Французская революция 1789 –1794гг., а также, хотя и в меньшей степени, промышленный  переворот в Англии  явились такой встряской для сонной феодальной Европы. И хотя испуганные Австрия, Великобритания и Россия в итоге погасили разгоревшийся было пожар, было уже поздно. Поздно с того самого момента, когда к власти во Франции пришел Наполеон Бонапарт. Отжившему свое феодализму был нанесен удар, который в конце концов привел его к смерти. Постепенно он пришел в еще больший  упадок и был заменен буржуазным строем почти по всей Европе.

Как всякая бурная, неспокойная эпоха производит на свет множество  самых светлых идеалов, стремлений и дум, новых направлений, так и Великая Французская революция породила европейский  романтизм. Развиваясь везде по-разному, романтизм в каждой стране имел свои особенности, обусловленные национальными различиями, экономической ситуацией, политическим и географическим положением, наконец, особенностями национальных литератур.

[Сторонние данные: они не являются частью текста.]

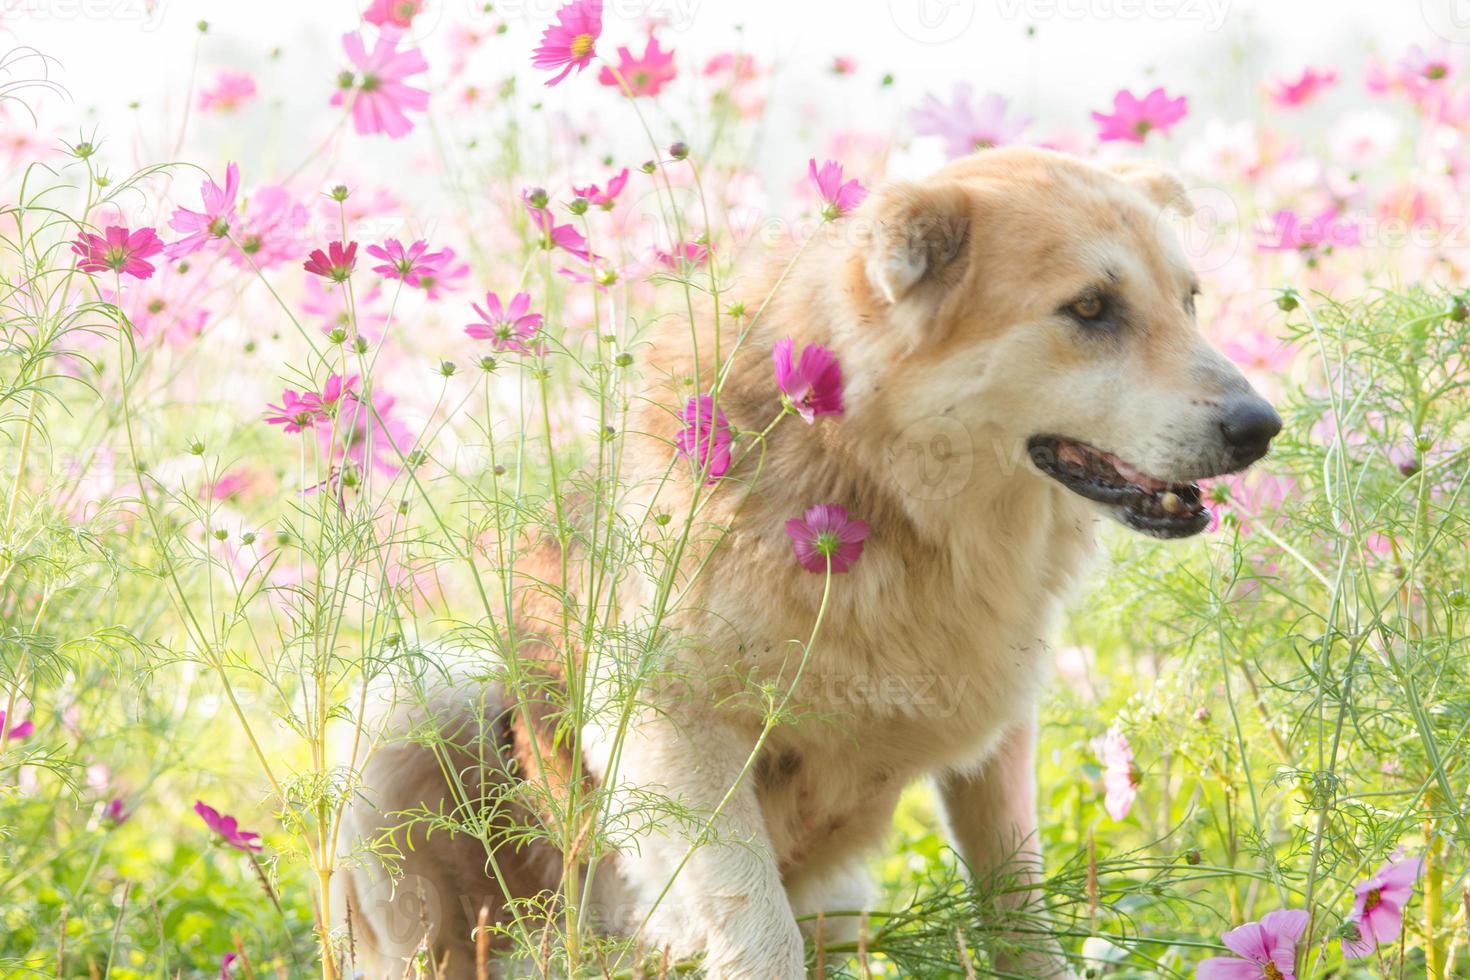 cane sfocato e fiore per lo sfondo foto

Литературные предпосылки, на мой взгляд, следует искать прежде всего в классицизме, который был хорош, но его время прошло и он уже не удовлетворял требованиям бурной, переменчивой эпохи. Всякие рамки порождают желание выйти за них, это извечное стремление человека. Классицизм  пытался все в искусстве подчинить строгим правилам. В спокойную эпоху это возможно, но вряд ли такое получится, когда за окном революция и все меняется быстрее ветра. Революционная эпоха не терпит рамок и ломает их, если кто-то пытается ее в оные втиснуть. Поэтому на смену рассудочному, «правильному» классицизму пришел романтизм с его страстями, возвышенными идеалами и отчуждением от действительности. Истоки романтизма, на мой взгляд, следует искать и в творчестве тех, кто своими произведениями подготовил Французскую революцию, а именно просветителей Дидро, Монтескье и прочих, а также Вольтера.

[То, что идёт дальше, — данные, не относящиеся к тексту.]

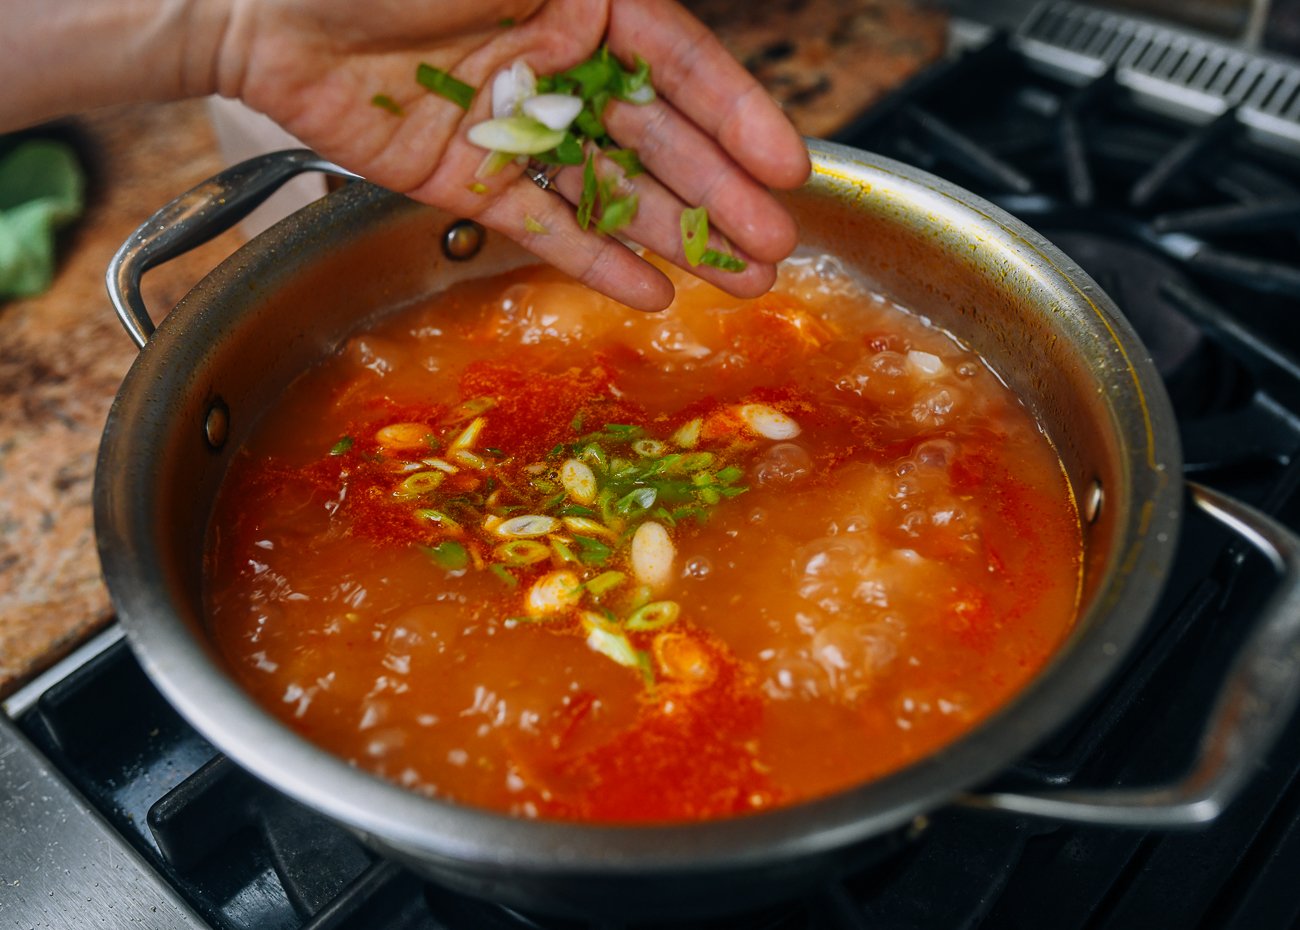 Adding scallions to tomato potato soup

Философские же  предпосылки стоит поискать в немецкой идеалистической философии, в частности, у Гегеля и Шеллинга с его понятием «абсолютной идеи», а также в понятиях «микрокосм» и «макрокосм»

Литература -  вид знания. Цель всякого знания  -  истина. Предмет литературы как  области знания – человек во всей совокупности его взаимосвязей с внешним миром и с самим собой. Отсюда следует, что цель литературы  -  знание истины о человеке.  Метод  в  искусстве  - отношение сознания художника к предмету познания. В методе возможны две грани.

1.        Путь познания человека через его отношения с реальностью, то есть макрокосмом. Это реалистический путь познания.

2.        Путь познания человека через его отношения с микрокосмом. Это идеалистический путь познания. Романтизм как метод и как направление в искусстве – это познание человека через его связи с микрокосмом, то есть  с самим собой.

Немецкий романтизм имеет одну особенность: он появился и развивался в раздробленной феодальной Германии, когда еще не было единой страны, единого духа, единой нации, когда знаменитый Отто фон Бисмарк еще и знать не знал о том, что именно ему предстоит объединять Германию «железом и  кровью». Вдобавок в начале XIX века, после печально знаменитого сражения при Аустерлице,  этот конгломерат из более чем двухсот крошечных княжеств, герцогств, курфюршеств, королевств, называвшийся  тогда Германией, был почти полностью завоеван Наполеоном. Собственно, получается, что романтизм в Германию был принесен на кончике  французского штыка. Но, кроме того, столь печальные обстоятельства привнесли в германский романтизм тираноборческие нотки, кстати, весьма характерный мотив для всего романтизма в целом. Ну и, конечно же, не могли не звучать призывы к объединению.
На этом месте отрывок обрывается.